Wednesday, June 30, 2010

I miss my daddy

(Me and my dad)


Today is my father's birthday.  I think about him often and I believe that he is happy in Heaven, watching over us.  When he passed away, I didn't believe that I had any regrets about him.  I hope that I treated him with respect and kindness.  I regret now not getting to know him better and documenting more about his life.   I don't remember him as the old guy he was at the end.  I remember him when he was younger and vibrant and full of life and fun; holding my hand walking down a beach somewhere.  I miss you, daddy.  I hope that you are dancing to jazz and eating seafood up in Heaven with all your friends and pets that you loved.  I think this is how he wants me to remember him.



7 comments:

tHE king o' heARTS said...

i am so sorry DG, not to sound corny or rip off Hallmark, but he is never truly gone so long as you remember and think of him.

بصيص said...

Its truly a sad fact when our dearest leave us for ever.

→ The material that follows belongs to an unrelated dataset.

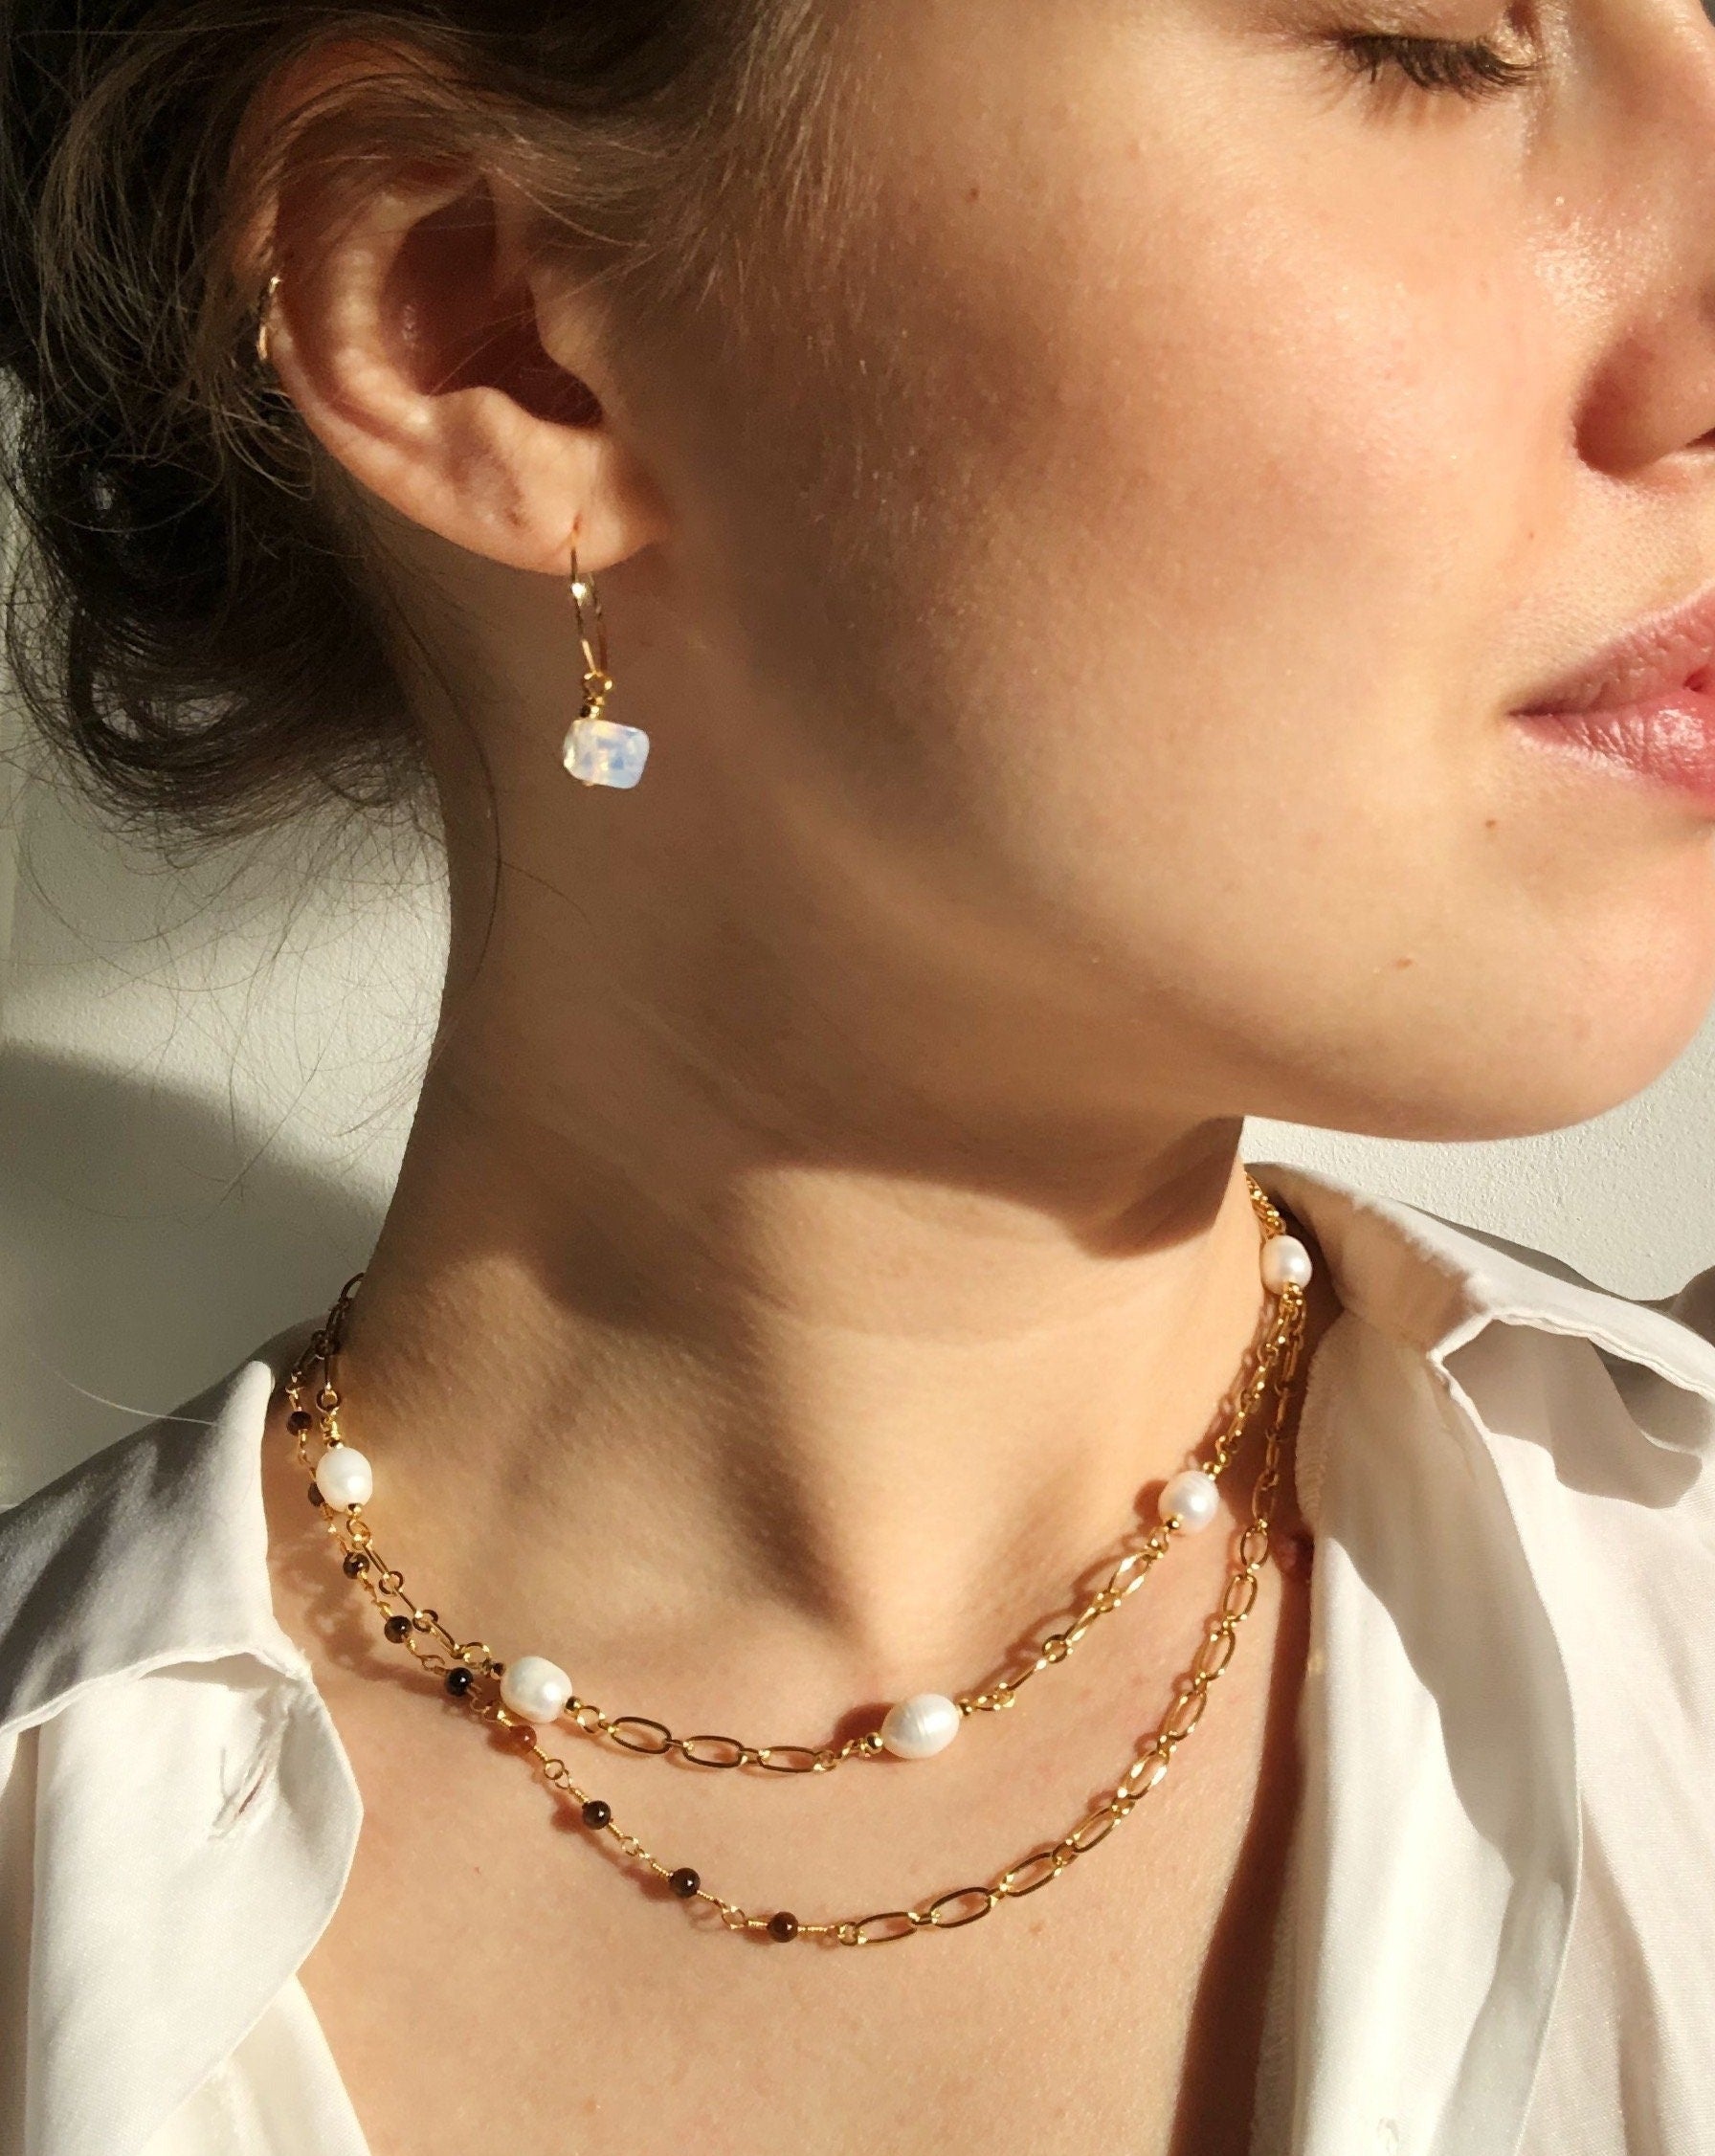 Souvenir officieel Verstrooien Gouden oorbellen met Opalite hangers | Goud stainless steel – Handmade  Amsterdam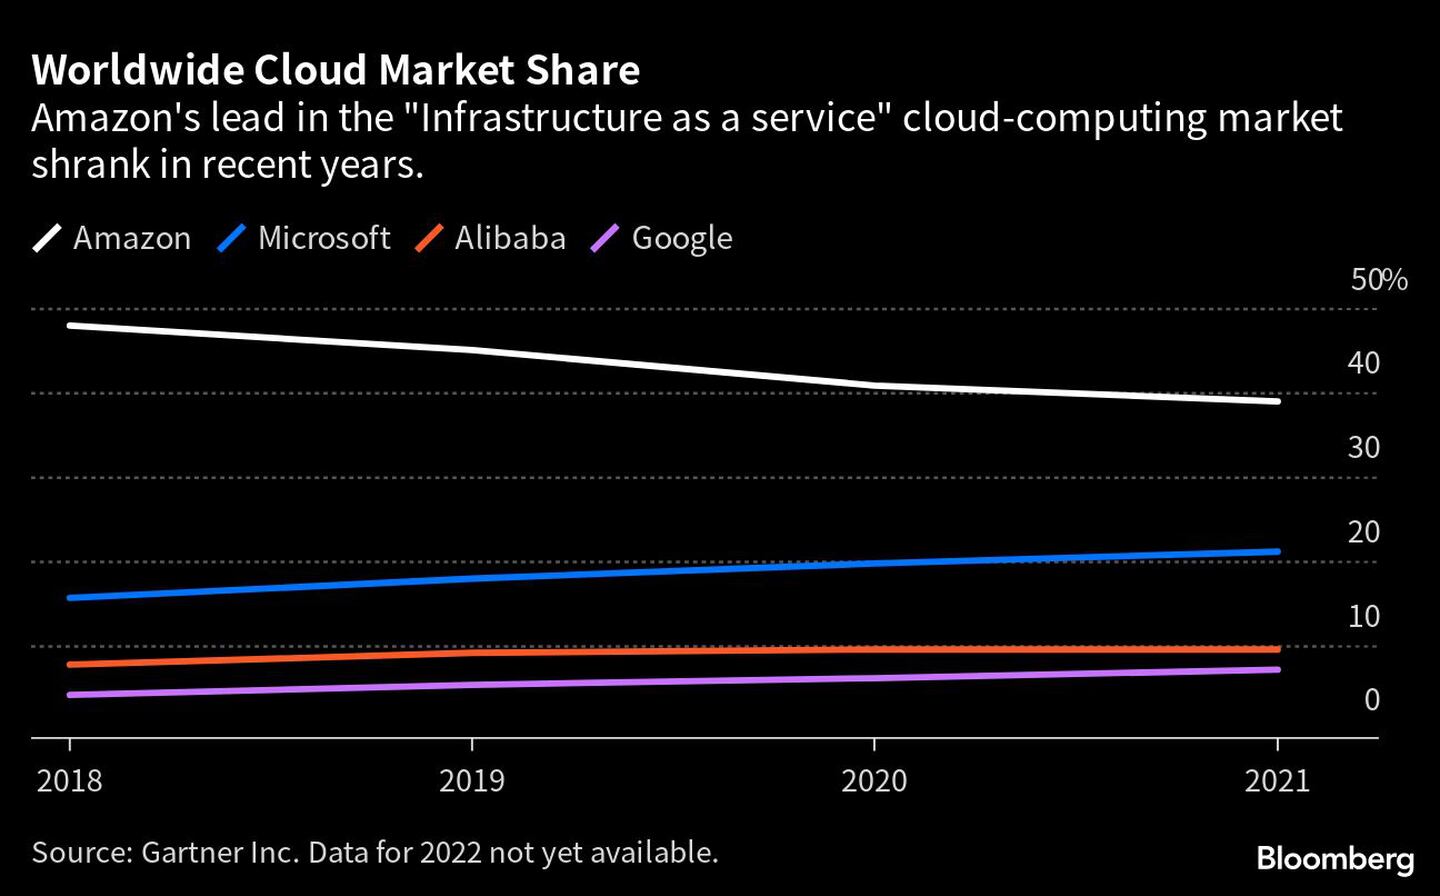  El liderazgo de Amazon en el mercado de la computación en nube "Infraestructura como servicio" se redujo en los últimos años.dfd

This makes should make us more appreciative of those close to us who are still with us.

Jewaira said...

And what a handsome, vivacious looking man he was.

Prayers for peace

Snow said...

I know exactly how you feel, my father passed 2 years ago and his birthday is coming on July 7th. I miss him so much and it is really hard at times, especially when I think of my kids not knowing him like I did. I just think of him as being in a better place, watching us and I feel better. {{hugs}}

Expat and the City said...

Lovely photos. He looks like he was a terrific Dad. :)

Layla said...

Those were such nice pics of you and your dad DG! I lost my Mom a few years back, and can understand how hard it is sometimes to be without them and to have the yearning to have gotten a chance to know them better! But even the time we were given was a blessing and they are a part of us so I think we know them better than we know :)

Anonymous said...

Beautiful writing. Makes me prioritize spending more time with my two year old son on this July 4th weekend.